Δ-Mem: Efficient Online Memory for Large Language Models

Δ-Mem: Efficient Online Memory for Large Language Models

Δ-Mem:面向大语言模型的高效在线记忆机制

Large language models increasingly need to accumulate and reuse historical information in long-term assistants and agent systems. Simply expanding the context window is costly and often fails to ensure effective context utilization. 在大语言模型(LLM)应用于长期助手和智能体系统时,积累并复用历史信息的需求日益增长。然而,单纯扩展上下文窗口不仅成本高昂,且往往难以确保对上下文的有效利用。
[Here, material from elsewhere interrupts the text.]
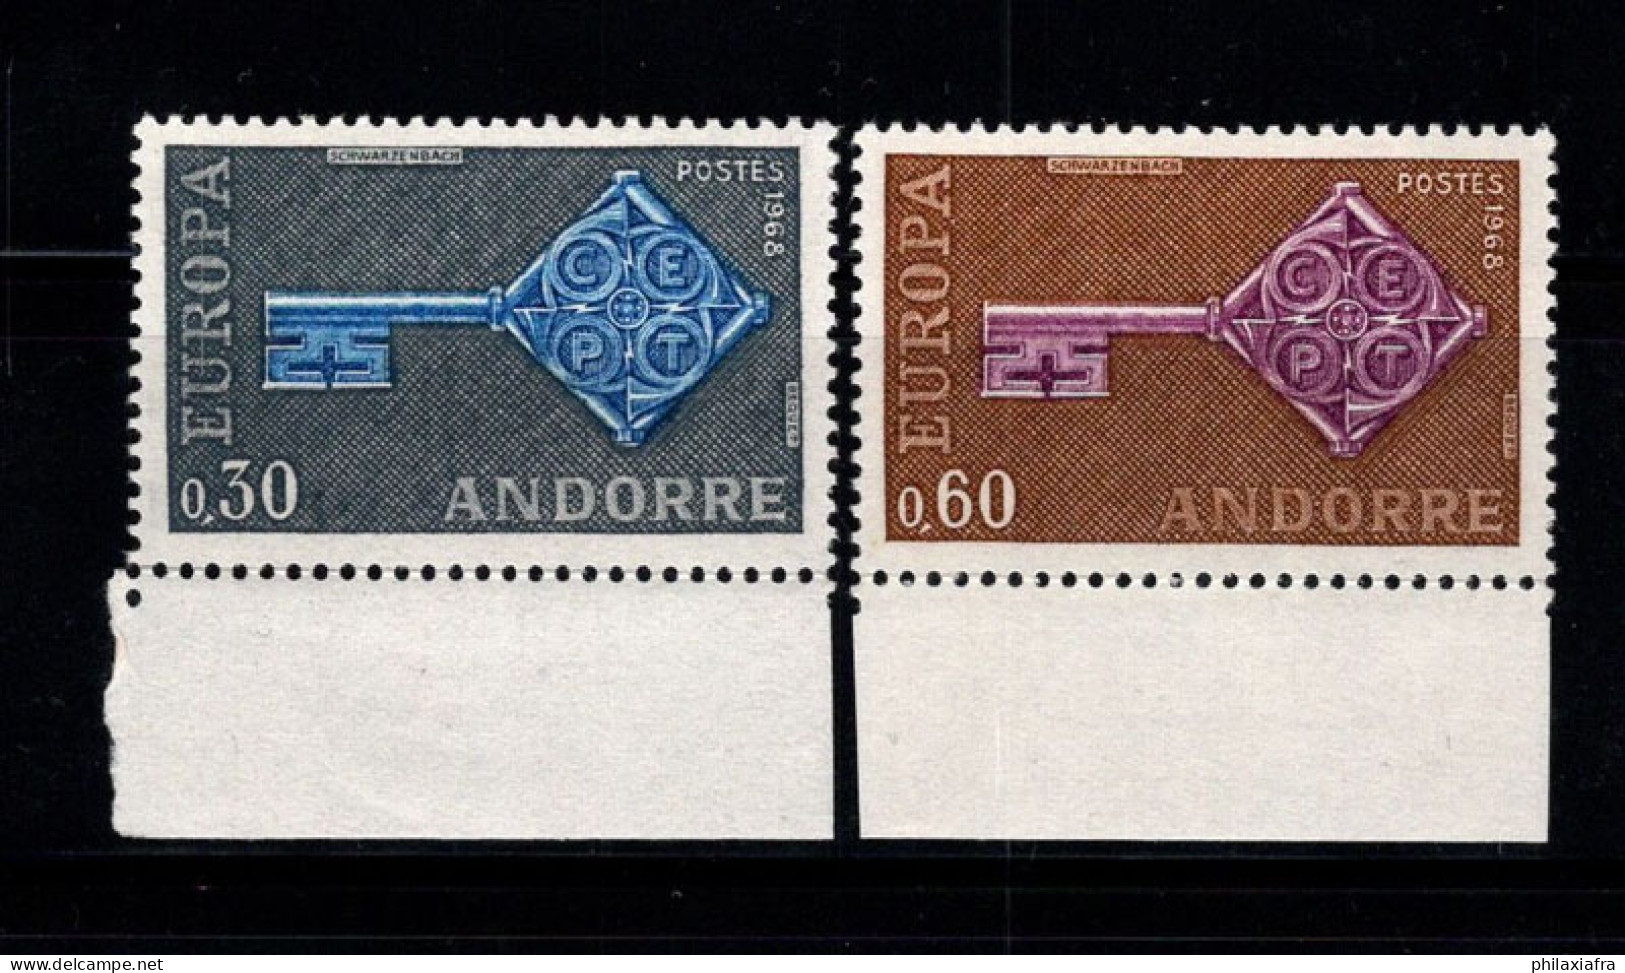 Europe 1968 Neuf ** 100% CEPT, Andorre Français - 1968
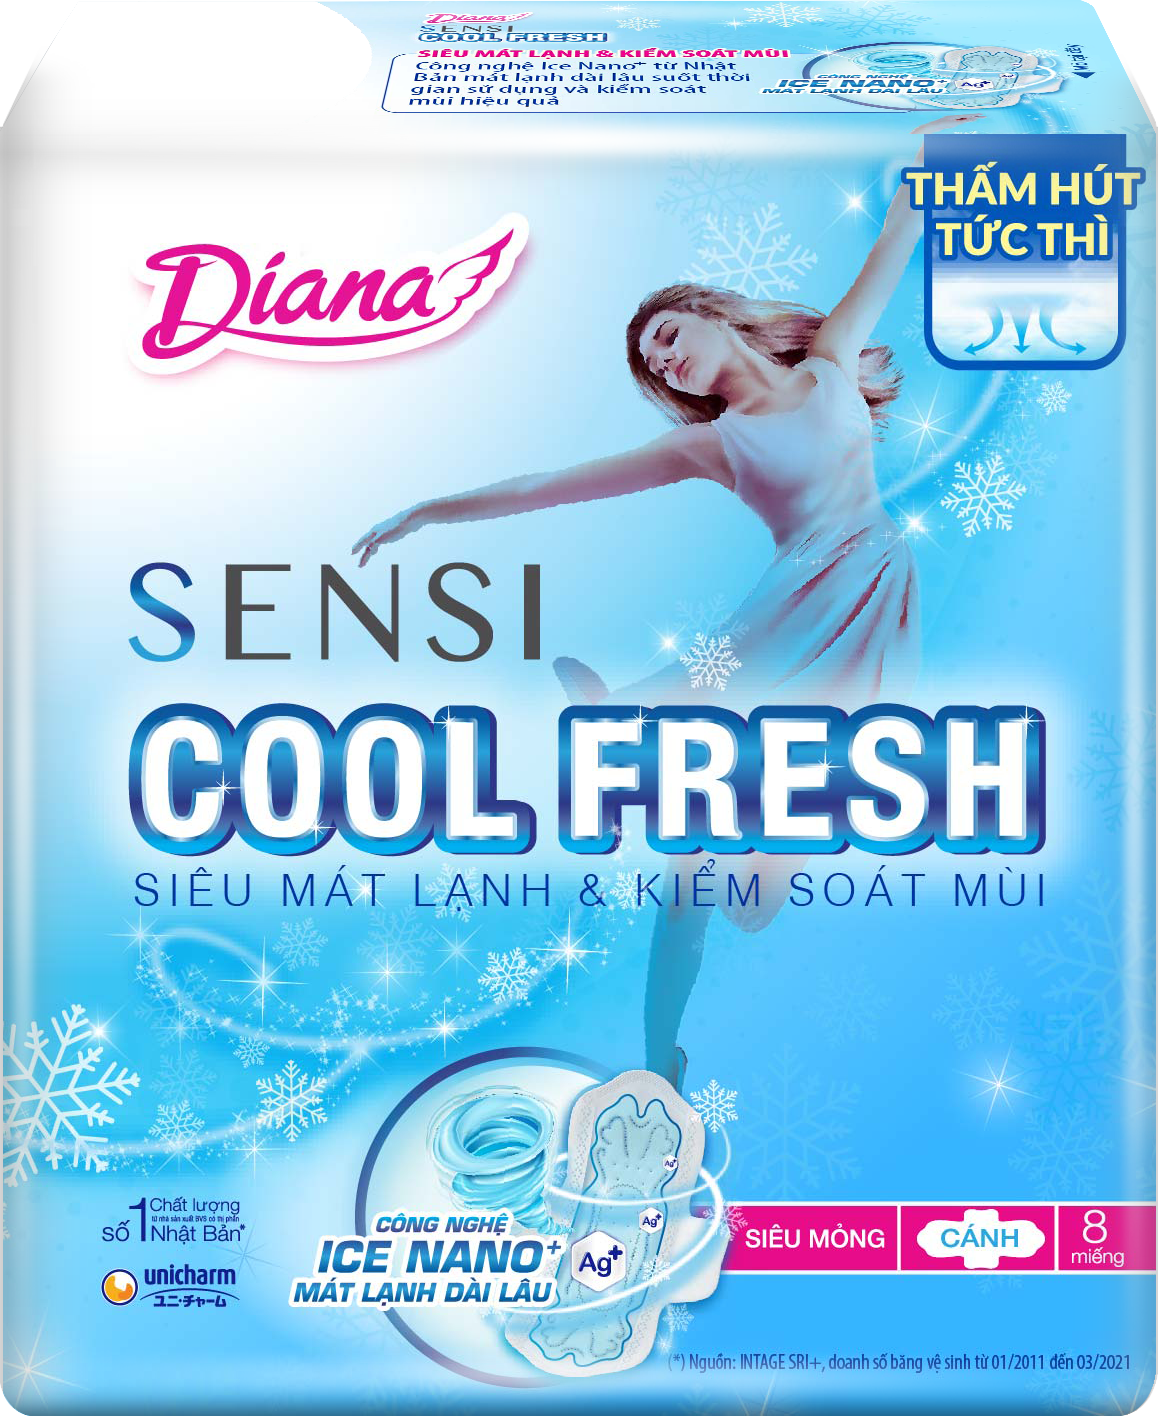 Diana SENSI Cool Fresh Siêu Mỏng Cách

We propose $\delta$-mem, a lightweight memory mechanism that augments a frozen full-attention backbone with a compact online state of associative memory. $\delta$-mem compresses past information into a fixed-size state matrix updated by delta-rule learning, and uses its readout to generate low-rank corrections to the backbone’s attention computation during generation. 我们提出了 $\delta$-mem,这是一种轻量级的记忆机制,通过紧凑的联想记忆在线状态来增强冻结的全注意力主干模型。$\delta$-mem 将历史信息压缩为固定大小的状态矩阵,并通过 Delta 规则学习进行更新;在生成过程中,它利用该矩阵的读出结果对主干模型的注意力计算进行低秩修正。

With only an $8\times8$ online memory state, $\delta$-mem improves the average score to $1.10\times$ that of the frozen backbone and $1.15\times$ that of the strongest non-$\delta$-mem memory baseline. It achieves larger gains on memory-heavy benchmarks, reaching $1.31\times$ on MemoryAgentBench and $1.20\times$ on LoCoMo, while largely preserving general capabilities. 仅需 $8\times8$ 的在线记忆状态,$\delta$-mem 就能将平均得分提升至冻结主干模型的 1.10 倍,以及最强非 $\delta$-mem 记忆基准模型的 1.15 倍。在内存密集型基准测试中,它取得了更大的增益,在 MemoryAgentBench 上达到 1.31 倍,在 LoCoMo 上达到 1.20 倍,同时在很大程度上保留了模型的通用能力。

These results show that effective memory can be realized through a compact online state directly coupled with attention computation, without full fine-tuning, backbone replacement, or explicit context extension. 这些结果表明,无需进行全参数微调、更换主干模型或显式扩展上下文,仅通过与注意力计算直接耦合的紧凑在线状态,即可实现有效的记忆功能。